> **Problem**
Pictures are not part of the copy; reproduce the remaining data exactly.

*** Opening Data segment ***

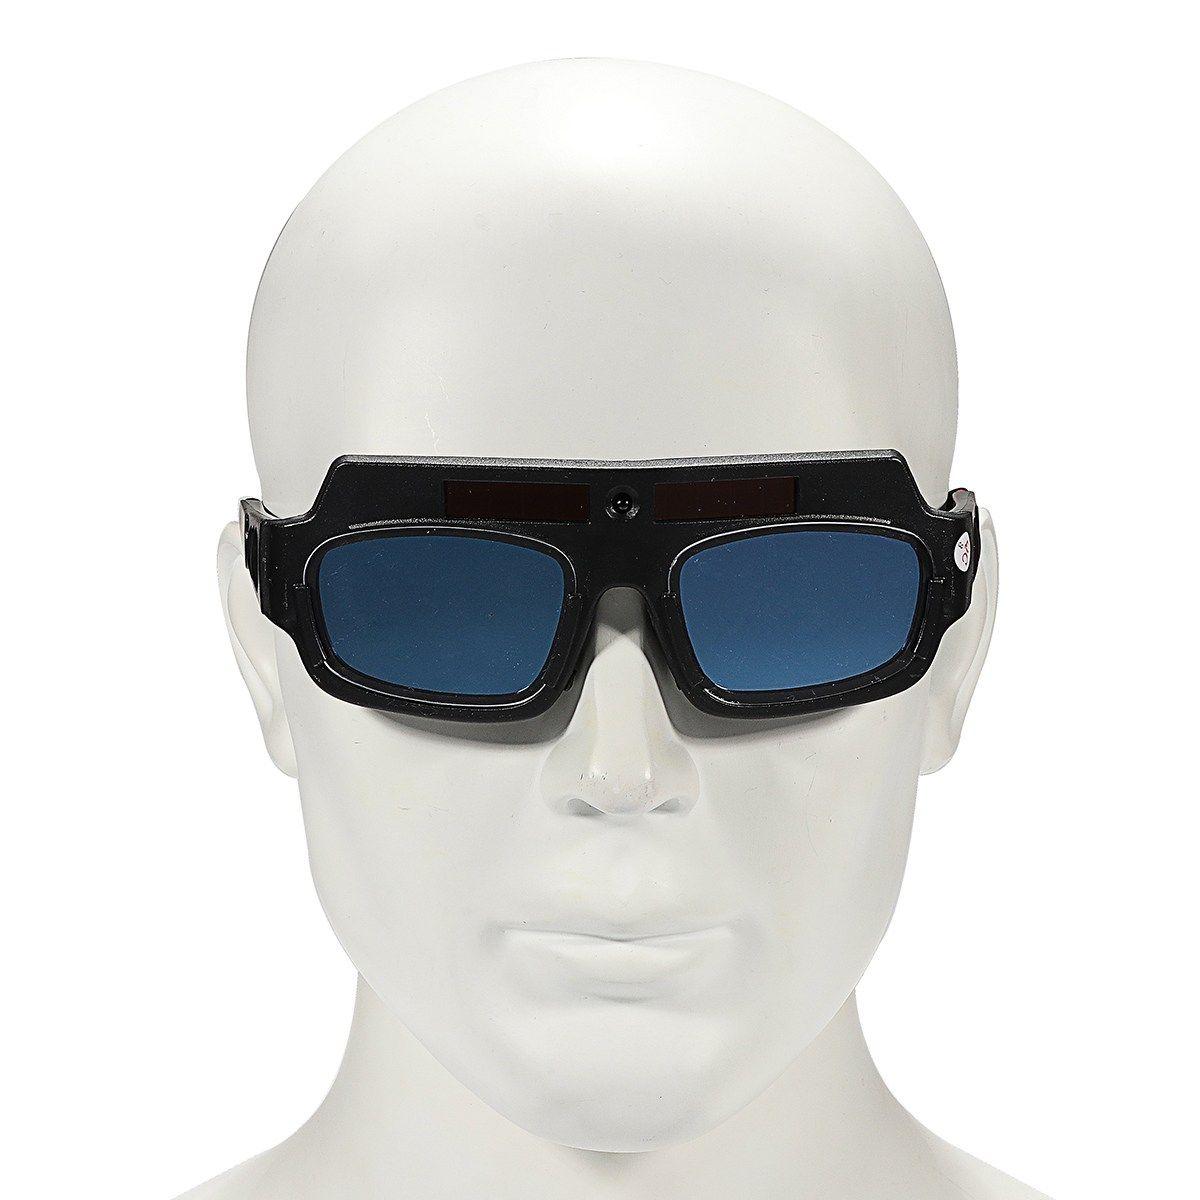 NEW Safurance Solar Auto Darkening Welding Mask Helmet Eyes Goggle Welding Glasses Workplace Safety Eye Protection
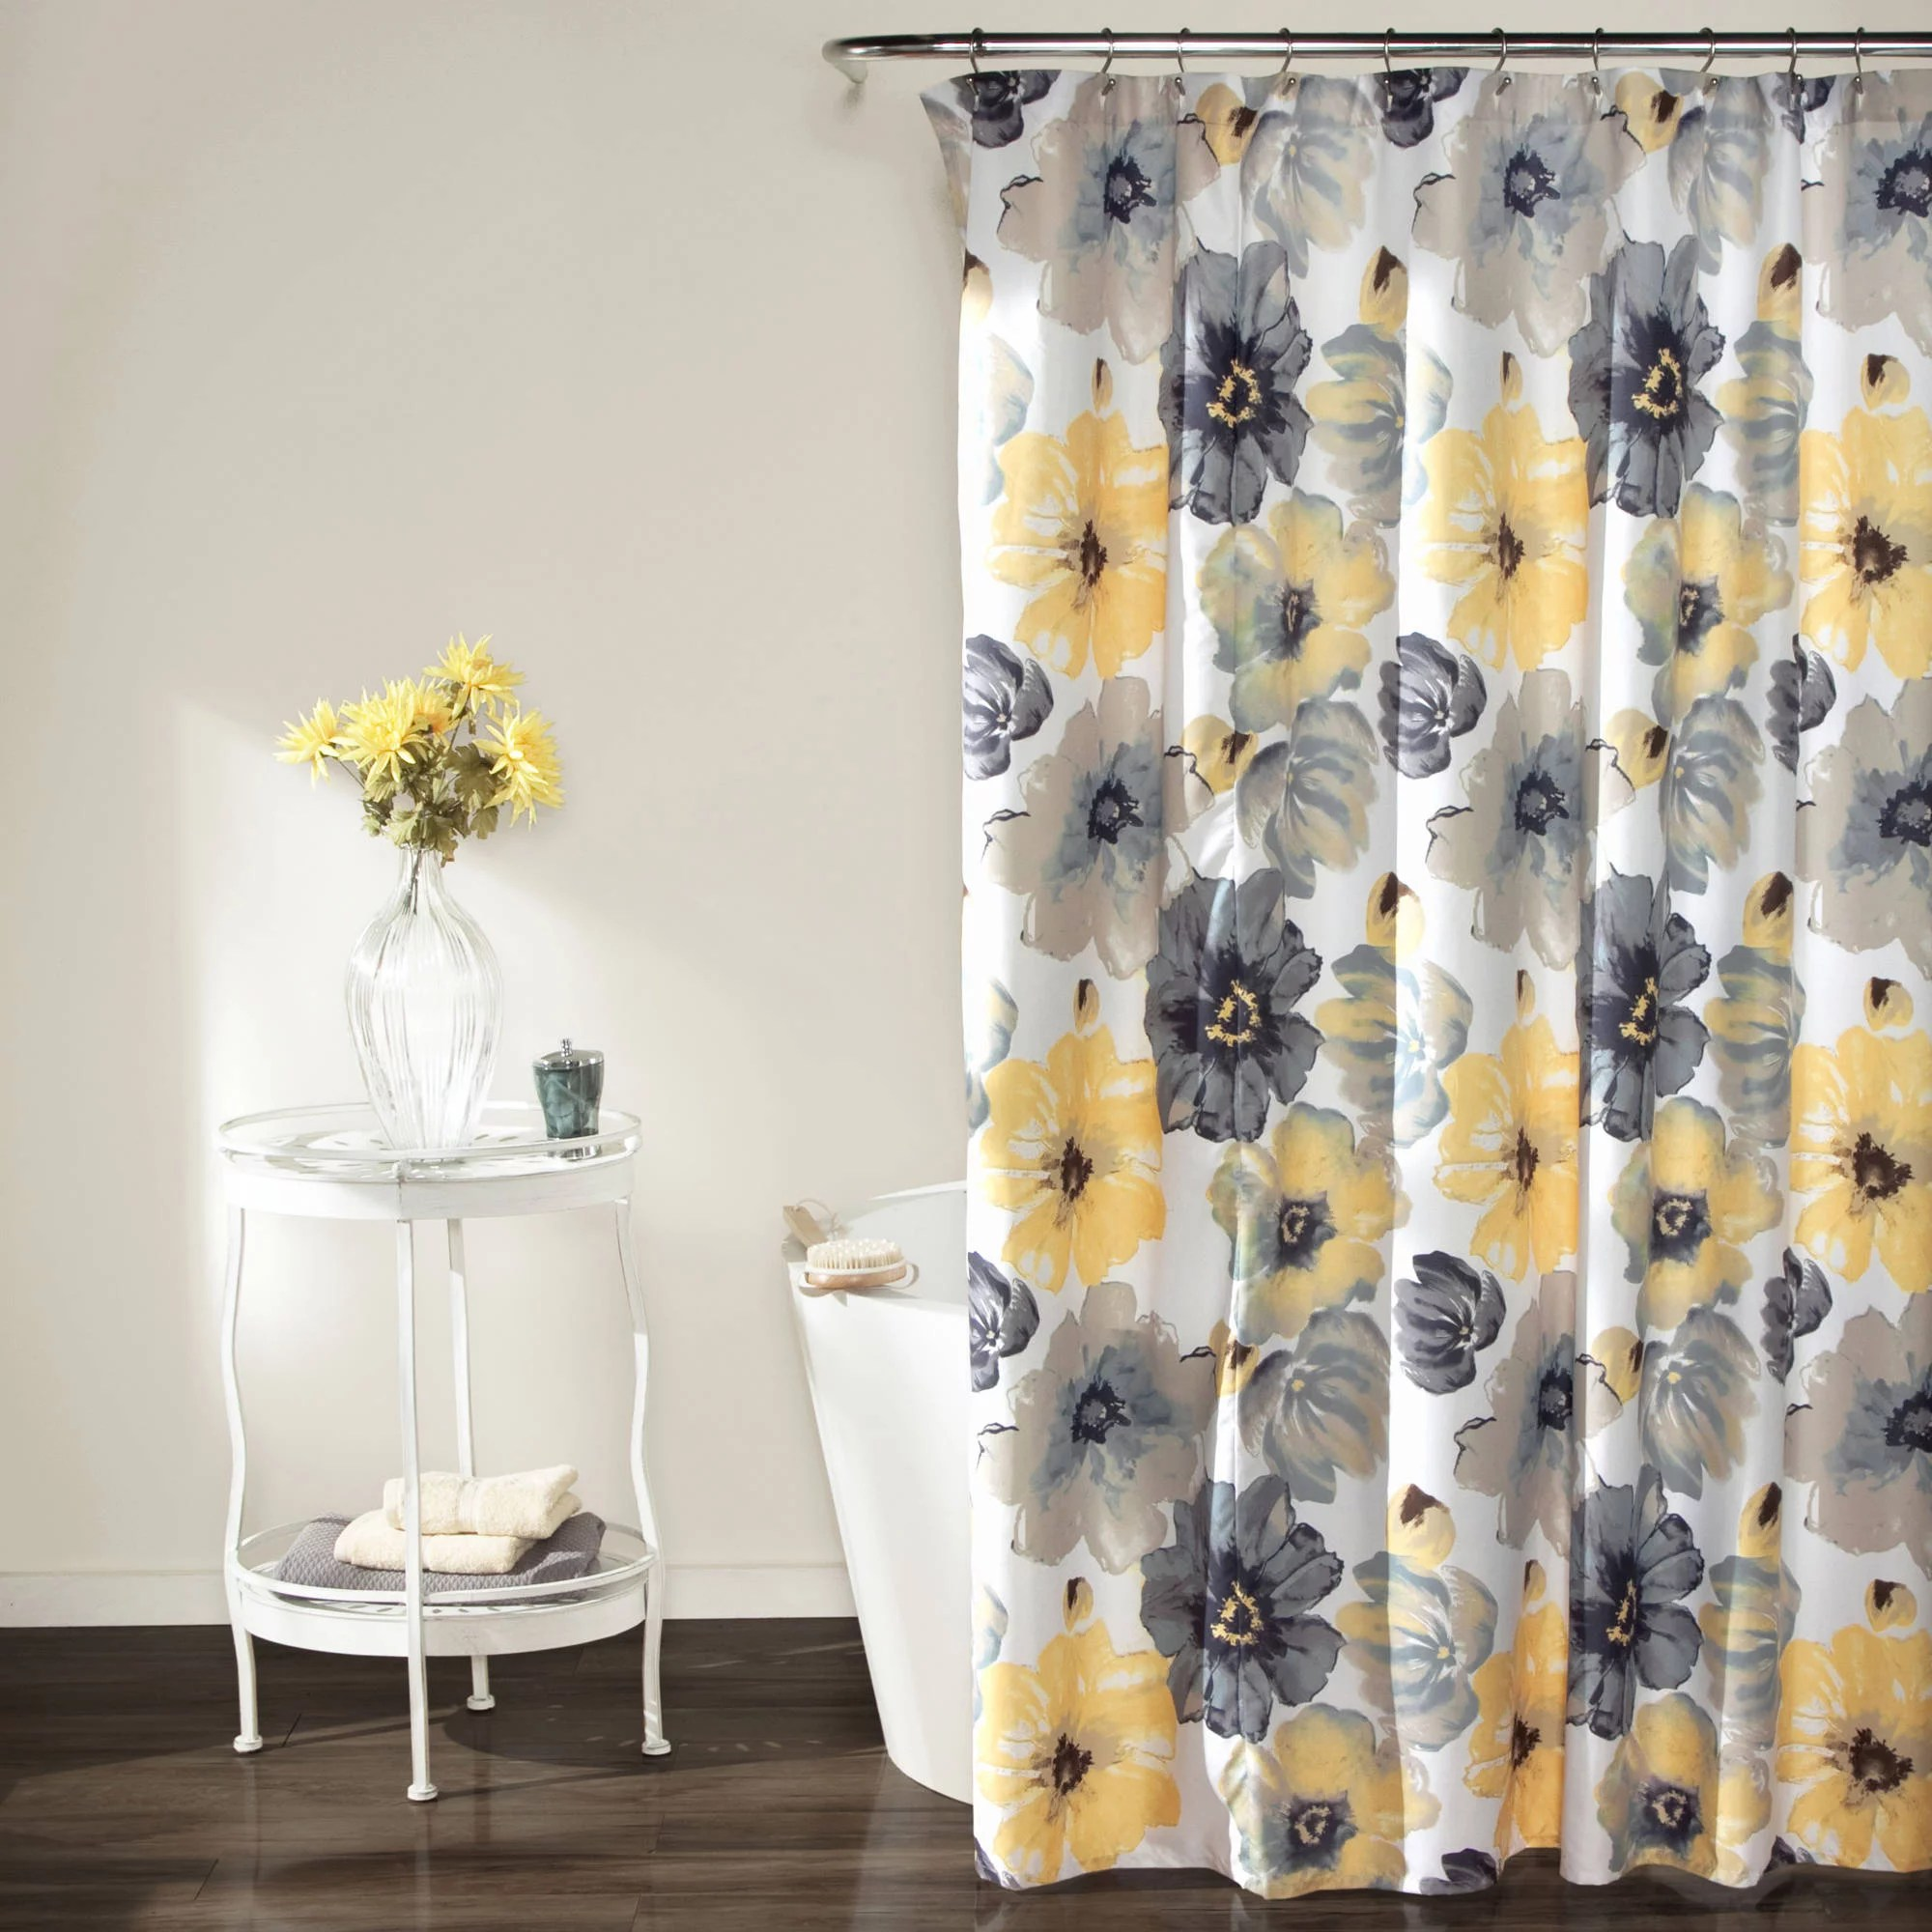 sunflower decor shower curtain set helianthus sunflowers against weathered aged fence summer garden photo print bathroom accessories 69w x 70l
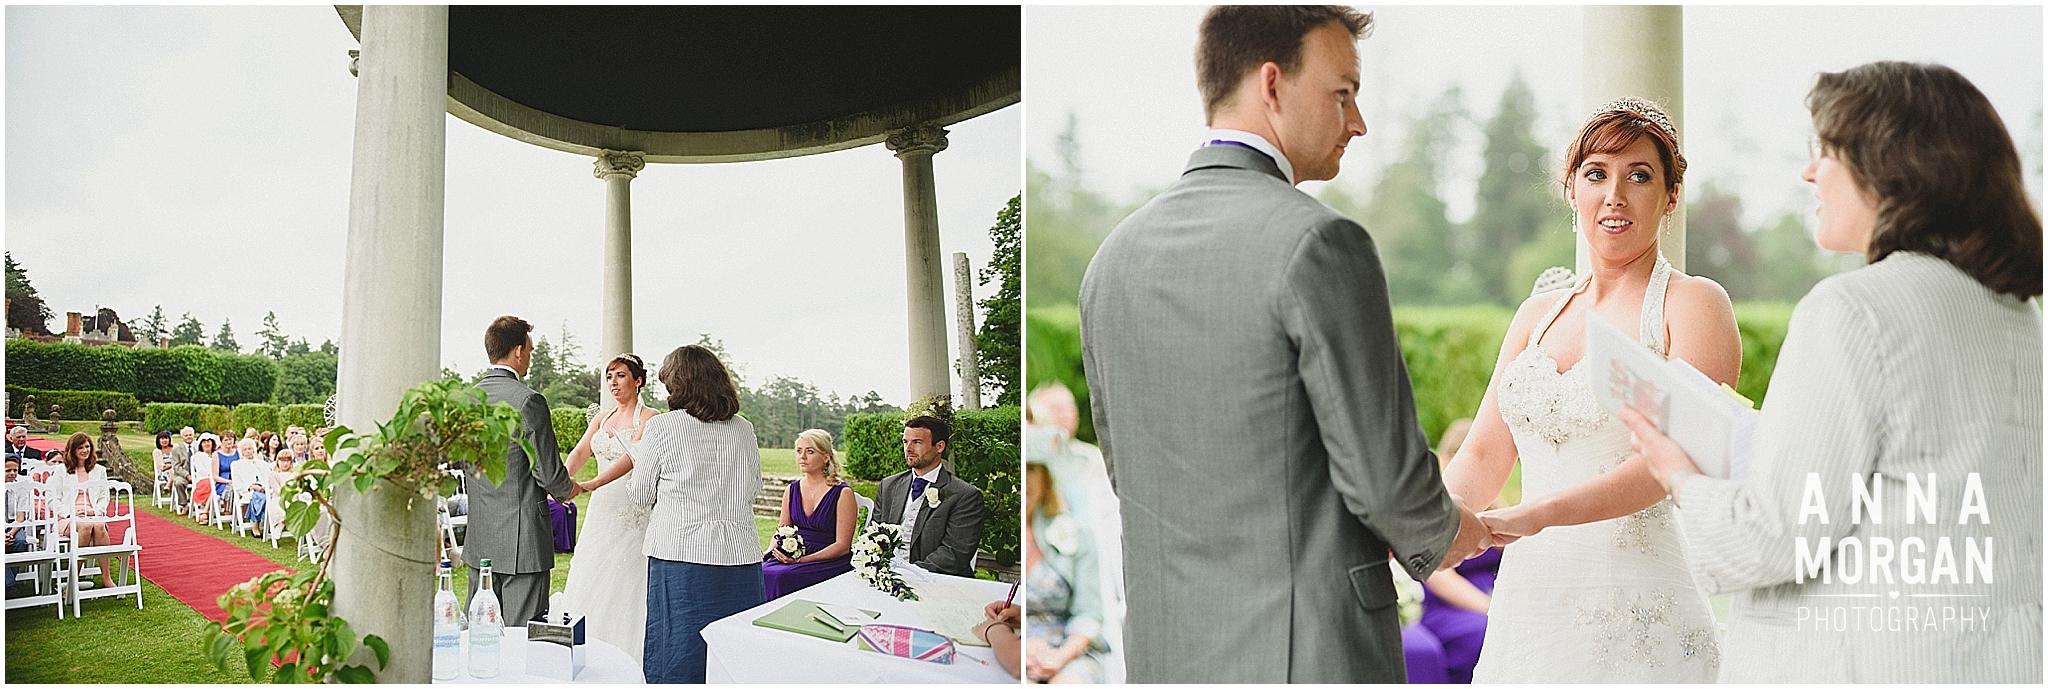 Frankie & Andy Rhinefield House Wedding-54

*** Closing Data segment ***

> **Task output**
 NEW Safurance Solar Auto Darkening Welding Mask Helmet Eyes Goggle Welding Glasses Workplace Safety Eye Protection
 sunflower decor shower curtain set helianthus sunflowers against weathered aged fence summer garden photo print bathroom accessories 69w x 70l
 Frankie & Andy Rhinefield House Wedding-54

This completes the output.